Harkat, an Algerian national, was arrested Dec. 10, 2002, under a rarely used section of the Immigration and Refugee Protection Act dealing with security certificates. Signed by then-solicitor general Wayne Easter and then-immigration minister Denis Coderre, the certificate is the first step in the deportation process for "members of an inadmissible class to Canada."
In addition to al-Qaida, Harkat's accused of having links to the Armed Islamic Group (GIA) -- the first terrorist organization to be banned in Canada after the Sept. 11 attacks -- and the mujahedeen.
In its initial accusations, CSIS alleged that Harkat had decade-old ties to one of Osama bin Laden's top lieutenants, Abu Zubaydah. Since that original report, CSIS claims that Zubaydah fingered Harkat as a mujahedeen supporter, who operated a guest house in Pakistan in the mid-1990s for mujahedeen travelling to Chechnya.
But Harkat said that he's never met Zubaydah and didn't even know who he was until he read the story in the Sun.
Because CSIS said he was identified by "physical description," Harkat believes Zubaydah simply made a mistake or is bowing to U.S. pressure to name names.
"That's what I believe is happening," Harkat told the Sun. "It's the same thing with (Maher) Arar. My name, it comes in leaks too. I've never seen (Arar) in my life. Living in the same city as Arar, but I never met him."

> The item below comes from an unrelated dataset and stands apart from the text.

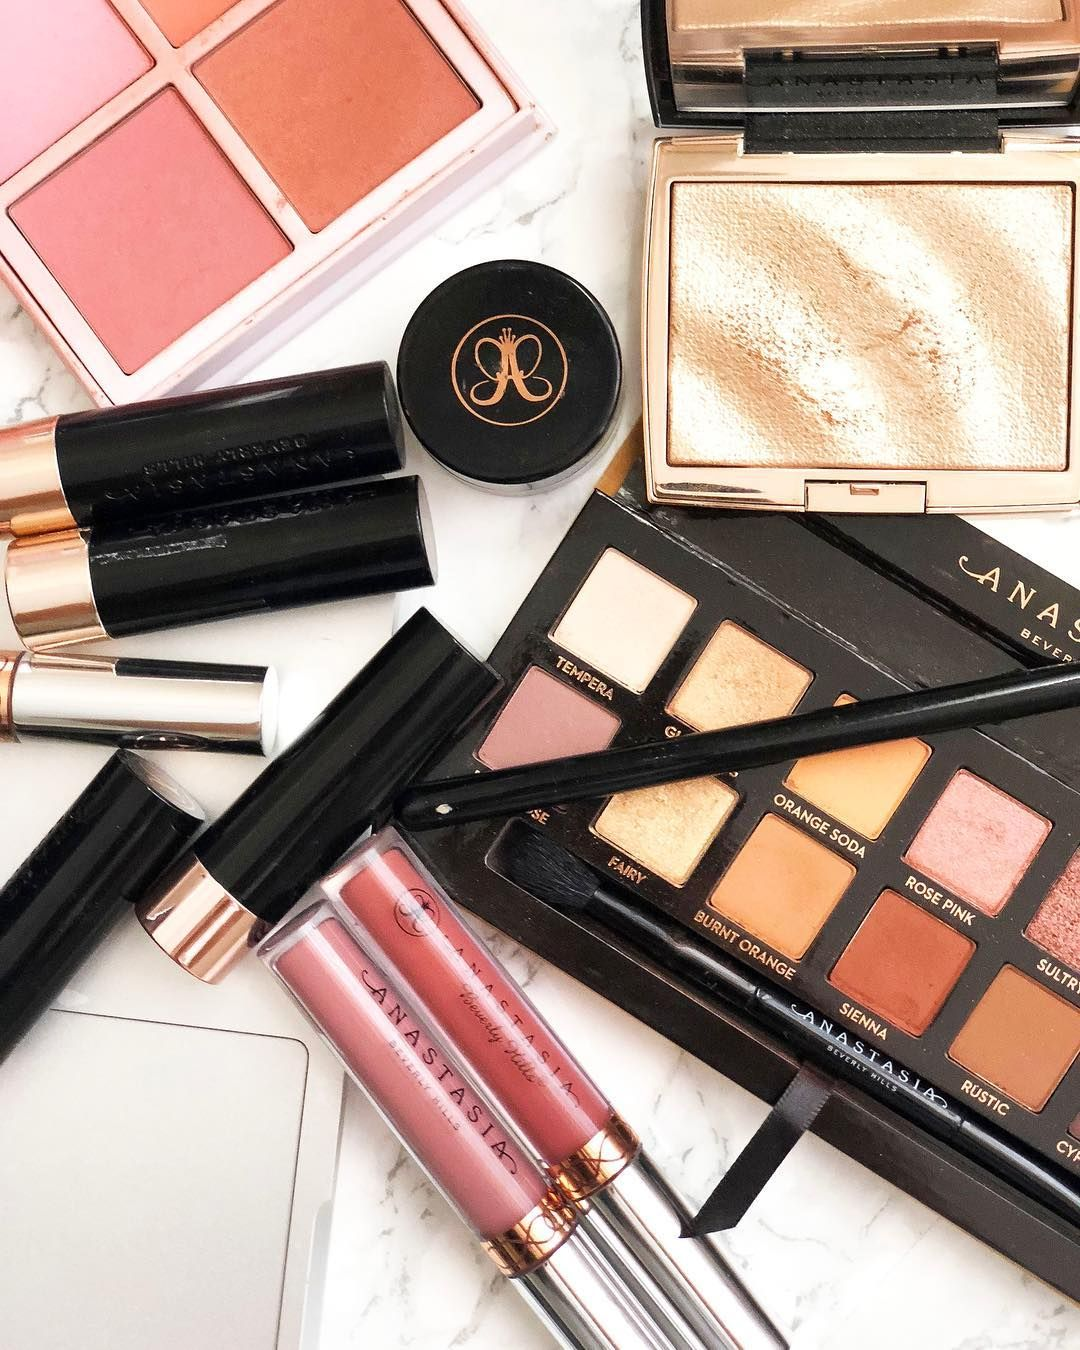 Anastasia Beverly Hills Novina Palette + Liquid Lipsticks #makeup #lipstick

Last October, high-level government leaks to the media suggested that Arar shared information about four al-Qaida suspects, including Harkat.
Arar was arrested during a stopover in New York in September 2002 and deported to his native Syria. The Canadian citizen was jailed in Syria for a year before his sudden release in October 2003.

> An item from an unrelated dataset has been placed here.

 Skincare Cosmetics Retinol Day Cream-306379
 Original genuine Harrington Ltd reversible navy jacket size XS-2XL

Accused of being linked to several high-profile accused terrorists, Harkat does admit to knowing one, Ahmed Said Khadr. But even then, Harkat said his encounter with Khadr, who's accused of bombing the Egyptian Embassy in Islamabad, was brief and uneventful.
"The first time when I came to Canada, immigration let me go because it doesn't have a translator for me at the airport," Harkat said, explaining his meeting with Khadr. "They gave me two weeks to come until they find somebody.
"When I came to Ottawa, he (Khadr) was here," Harkat said. "Mohamed El Barseigy, who I was living with, he was taking him (Khadr) to Toronto to his place. Mohamed El Barseigy wanted to give me a ride. That's when we met -- from Ottawa to Toronto."
Harkat said that was the first and last time he met Khadr.
It was that second interview with immigration officials that may have caused even more problems for Harkat.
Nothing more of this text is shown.